Single by Snow Patrol

from the album Eyes Open
- Released: 20 April 2007
- Genre: Indie rock
- Length: 3:17
- Label: Umvd Import, Polydor, Fiction
- Songwriters: Gary Lightbody, Nathan Connolly, Tom Simpson, Paul Wilson and Jonny Quinn
- Producer: Jacknife Lee

Snow Patrol singles chronology
| "Open Your Eyes" (2007) | "Shut Your Eyes" (2007) | "Signal Fire" (2007) |

= Shut Your Eyes =

2007 single by Snow Patrol

"Shut Your Eyes" is a song by Northern Irish alternative rock band Snow Patrol from their fourth album, Eyes Open (2006). It was released as a single in several countries in 2007.

The various B-sides featured on the single are taken from a Snow Patrol live performance at Columbiahalle, Berlin on 9 February 2007. The live renditions of "Spitting Games", "Run", and "Chocolate" included on the single later appeared on the Australian version of the "Signal Fire" single.

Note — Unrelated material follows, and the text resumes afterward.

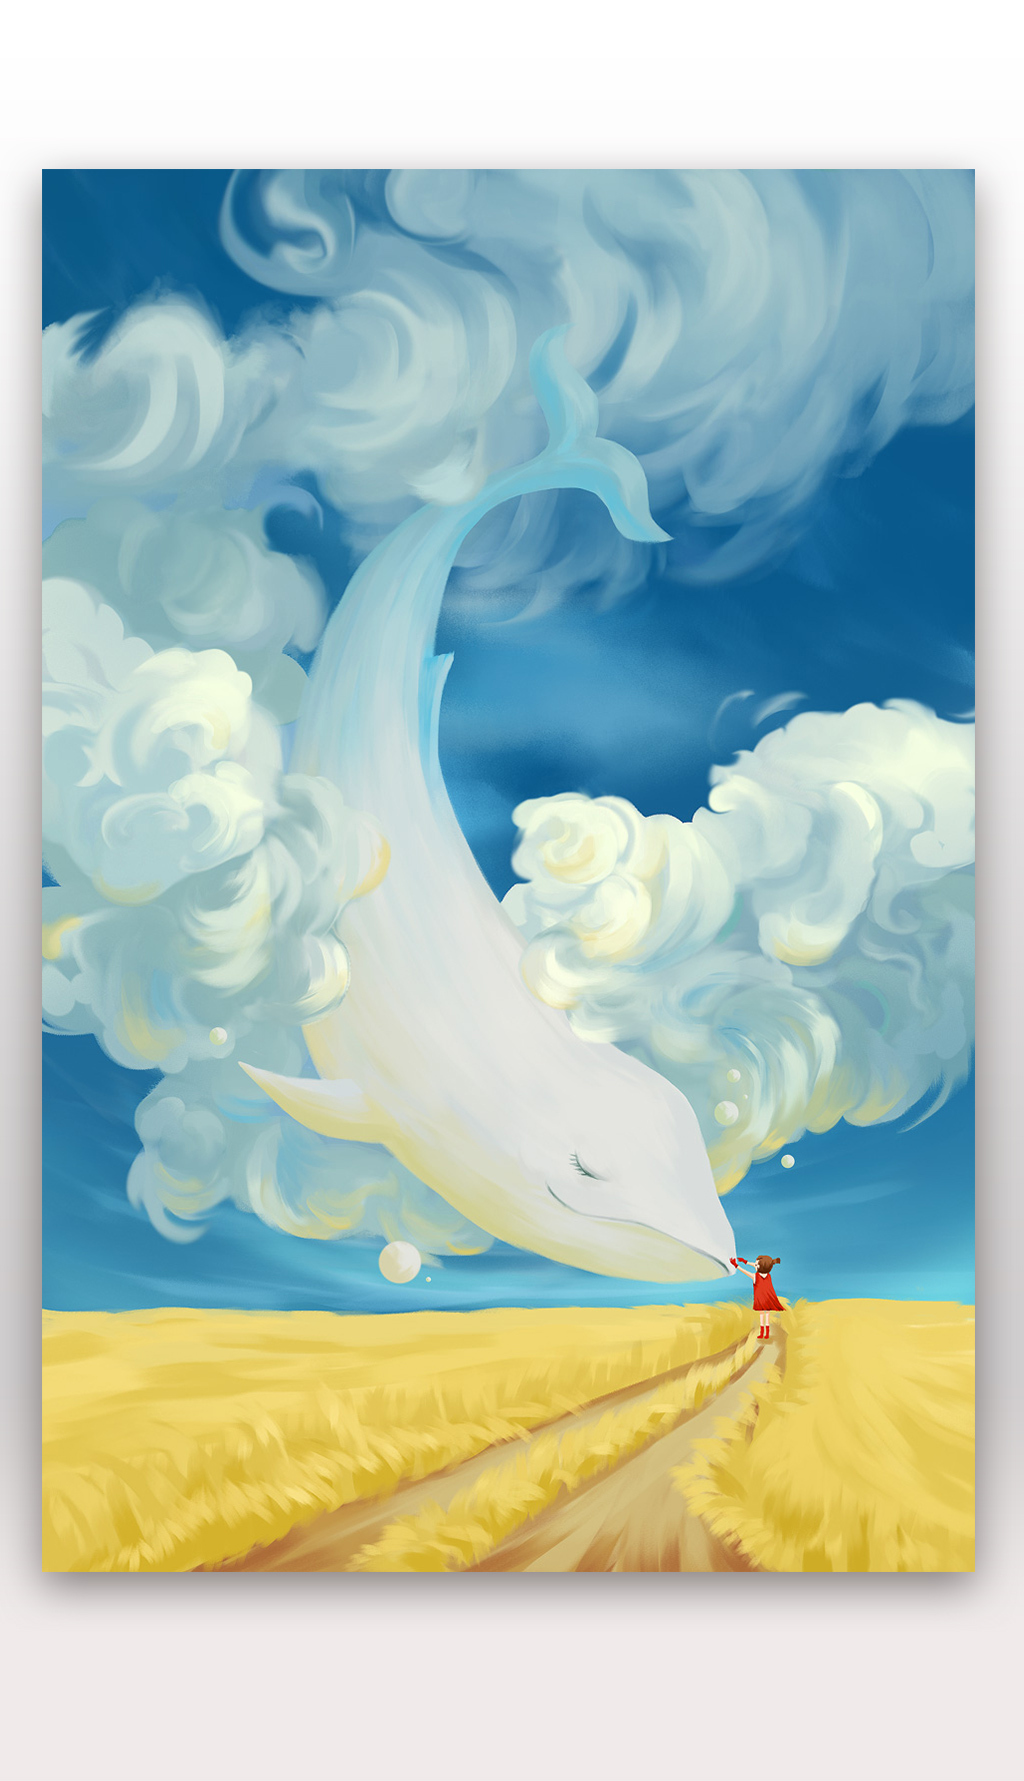 唯美鲸鱼手绘手机壁纸星空插图插画PSD设计

Drummer Jonny Quinn declared that "Shut Your Eyes" is his favourite song to play live because of the interaction with the audience when the band performs it.

==Music video==
The official music video was directed by Mark Thomas and it premiered on Yahoo! Music on 10 July 2007.

==Track listing==
- German CD
- Version I:
1. "Shut Your Eyes" – 3:17
2. "Headlights on Dark Roads" (Live in Berlin) – 3:35
3. "Chocolate" (Live in Berlin) – 3:01
4. "You're All I Have" (Live in Berlin) – 4:38

- Version II:
5. "Shut Your Eyes" – 3:17
6. "Set the Fire to the Third Bar" (Live in Berlin) – 3:27
7. "Spitting Games" (Live in Berlin) – 4:19
8. "Chasing Cars" (Live in Berlin) – 4:29

- Version III:
9. "Shut Your Eyes" – 3:17
10. "Open Your Eyes" (Live in Berlin) – 5:44
11. "Run" (Live in Berlin) – 5:36
12. "Shut Your Eyes" (Live in Berlin) – 3:29

- Dutch CD
- Version I:
13. "Shut Your Eyes" – 3:17
14. "Chasing Cars" (Live in Berlin) – 4:29
This was the only Dutch release, released on 5 October 2007.

- Unofficial Releases
- Spencer Collective Mixes Bootleg (12" Vinyl):
1. "Shut Your Eyes" (Main Mix) – 7:28
2. "Shut Your Eyes" (Dub Mix) – 6:56

- Naum Gabo Remix (12" Vinyl):
3. "Shut Your Eyes" (Naum Gabo Remix) – 7:00

==Charts==

===Weekly charts===

| Chart (2007–08) | Peak position |
|---|---|
| Austria (Ö3 Austria Top 40) | 12 |
| Belgium (Ultratop 50 Flanders) | 1 |
| Belgium (Ultratip Bubbling Under Wallonia) | 6 |
| Germany (GfK) | 15 |
| Germany Airplay (BVMI) | 5 |
| Netherlands (Dutch Top 40) | 14 |
| Netherlands (Single Top 100) | 17 |
| Switzerland (Schweizer Hitparade) | 26 |
| US Adult Alternative Airplay (Billboard) | 1 |

===Year-end charts===

| Chart (2007) | Position |
|---|---|
| Belgium (Ultratop 50 Flanders) | 29 |
| Germany (Media Control GfK) | 72 |

| Chart (2008) | Position |
|---|---|
| Netherlands (Dutch Top 40) | 73 |

==Certifications==

Certifications for "Shut Your Eyes"
| Region | Certification | Certified units/sales |
| Germany (BVMI) | Gold | 150,000^{‡} |
^{‡} Sales+streaming figures based on certification alone.